Aspiration | Symptoms & Causes
What are the symptoms of aspiration in children?
If your child aspirates, they may present with a cough when drinking or eating. Aspiration can cause symptoms including:
- Coughing when drinking, particularly with thin liquids
- Difficulty feeding
- Frequent respiratory infections or recurrent pneumonia
- Noisy breathing while drinking
- Gagging during meals
- Back arching during feeding
- Skin turning a bluish color
- Redness around the eyes during or after feeding
- Vomiting during feeding
- Rattling in the throat or chest
- Poor growth
What causes a child to aspirate?
Many factors can lead to aspiration. These include:
- Oropharyngeal discoordination occurs when your child has difficulty swallowing because of problems with their mouth, tongue, palate, larynx, or the muscle at the top of the esophagus. This is mainly due to immaturity and developmental issues. Children who are born premature or who have had surgery on the heart, lungs, or chest may also have a higher risk for the condition.

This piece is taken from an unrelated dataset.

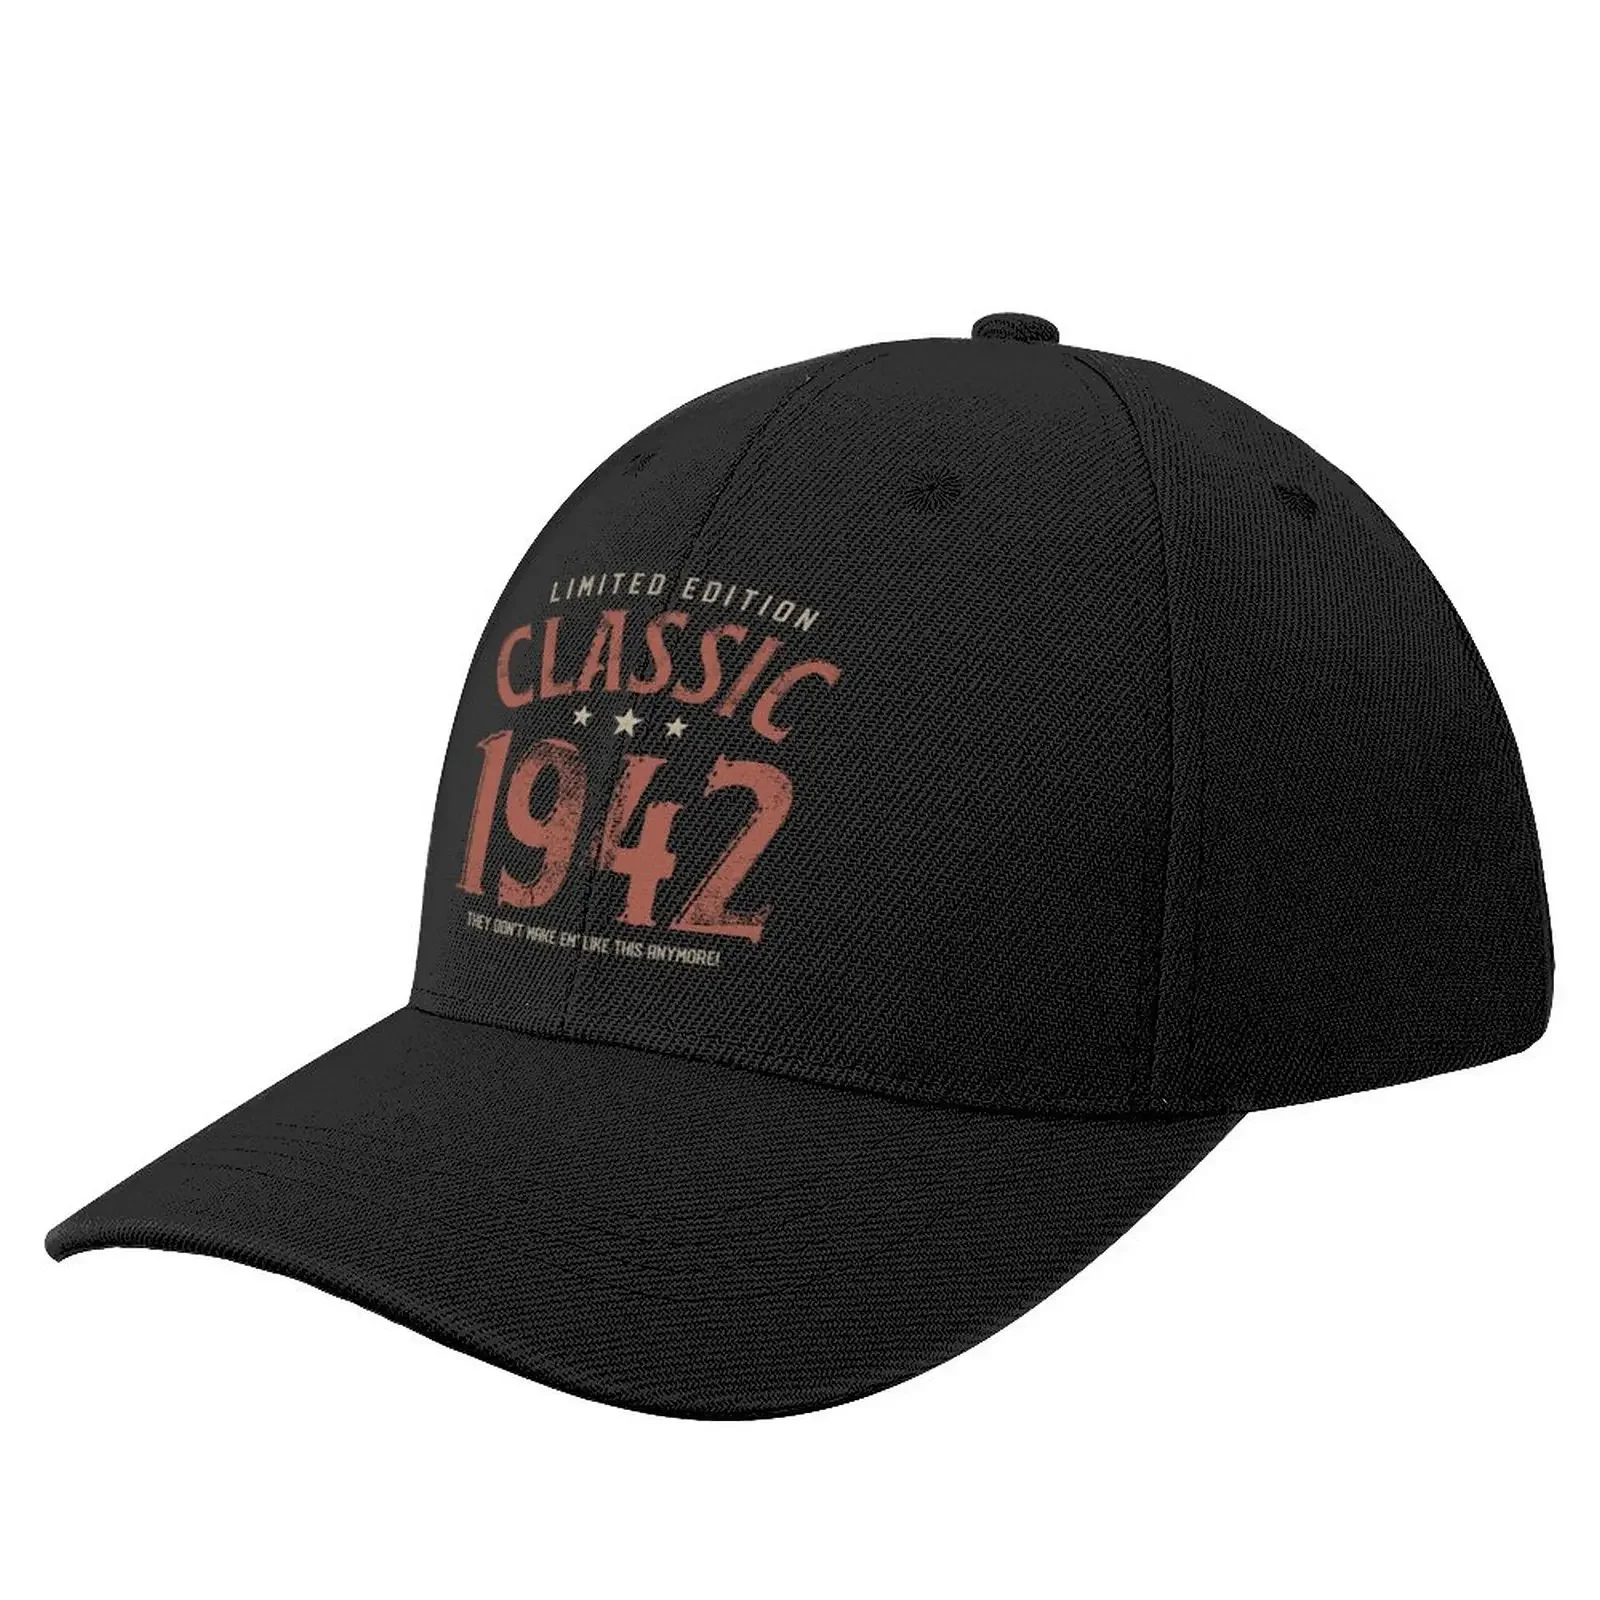 

Classic 1942 - 80th birthday Retro Vintage Baseball Cap Golf Cap New Hat Hood party hats Caps For Men Women'S

- Anatomic issues can result in food or drink going into the lungs. Examples of these include laryngeal cleft, laryngomalacia, vocal cord paralysis, esophageal atresia, and tracheoesophageal fistulas.

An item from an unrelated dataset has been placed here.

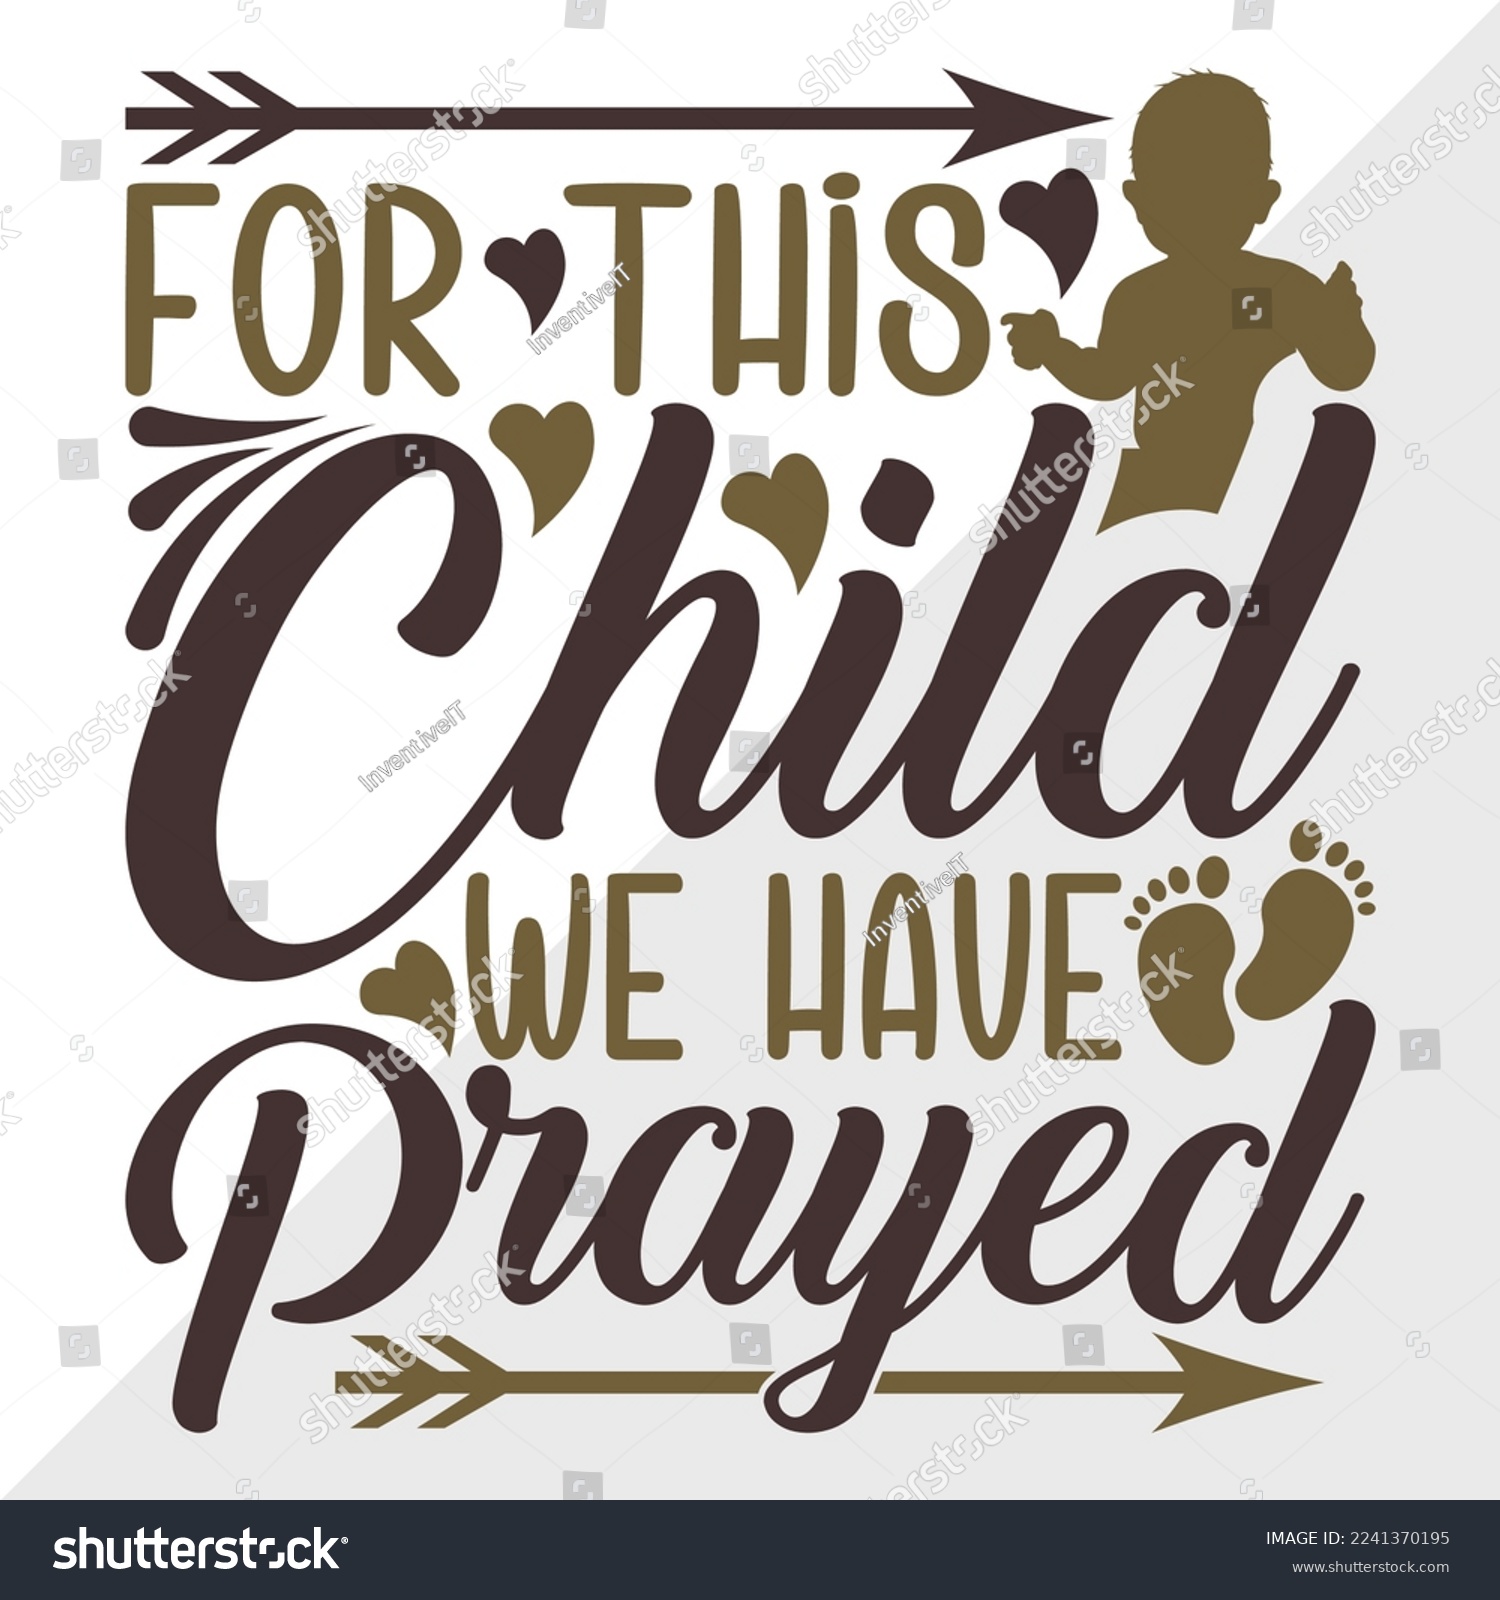 SVG of For This Child We Have Prayed SVG Printable Vector Illustration svg

- Neurologic conditions that impair the oropharynx and esophagus can cause aspiration. Neurologic causes for aspiration may include children with infantile spasms, cerebral palsy, or certain genetic syndromes.
Aspiration | Diagnosis & Treatments
How is aspiration diagnosed?
If your child’s doctor or speech-language pathologist suspects the aspiration, they should perform a physical examination and one or more tests to evaluate swallowing, including:
- Physical examination, including a complete head and neck examination, to be sure there is no anatomical issues contributing to aspiration
- Flexible laryngoscopy in the office to evaluate the upper airway and larynx (voice box) for possible anatomical issues
- A flexible camera is passed through your child’s nose and used to evaluate the upper airway anatomy and status of the vocal cords.
- Clinical feeding evaluation (CFE) with a speech-language pathologist who specializes in pediatric feeding and swallowing disorders
- An office visit during which your child eats or drinks and the speech-language pathologist assesses their oral motor coordination, sensory responses, and developmental feeding skills. The SLP also screens for aspiration.
- Videofluoroscopic swallow study (VFSS), also known as a modified barium swallow study (MBS)
- Your child is given small amounts of a liquid or solid that contains barium (a chalky liquid that will show up on an x-ray). They are seated upright or in the position that you feed them in at home. A series of moving picture x-rays are taken to evaluate what happens as your child swallows the food or drink
- Fiberoptic endoscopic evaluation of swallowing (FEES) exam: A flexible camera is passed through your child’s nose and is used to see parts of the throat. Your child will eat and drink with the scope in place, and the speech-language pathologist and otolaryngologist will assess for aspiration.
- Esophageal manometry: In this procedure a small flexible tube is placed into the nose and passed into the esophagus. It can determine how well your child’s esophagus is working by measuring the pressure and coordination of the esophageal muscles.
How we care for aspiration in children
The skilled clinicians in the Center for Airway Disorders, Aerodigestive Center, and Feeding and Swallowing Program are experienced in diagnosing and treating children who aspirate. We have a rich understanding of the complexity of the swallowing process, which allows us to consider all aspects of this condition when evaluating and treating aspiration and its causes.
Through this multidisciplinary approach, providers in the Otolaryngology, Gastroenterology, and Pulmonology Divisions collaborate to provide a comprehensive approach for the treatment of your child. Your child’s doctor and/or speech-language pathologist may suggest you change the way you feed your child to decrease the risk that food/liquid will enter their lungs. For example, you may need to use a different bottle nipple or cup, add thickener to their liquids, or feed them in a different position. In rare cases, they may need to receive liquids by a tube through their nose or stomach if a safe feeding plan cannot be identified.
The team will work closely to support you and your family throughout the process and to determine the appropriate timeframe for follow-up. This often includes repeat testing, gradual changes to the diet plan, and/or feeding therapy techniques. Our goal is to provide both medical management and the best minimally invasive surgical approach, if needed, to resolve the underlying cause of the aspiration.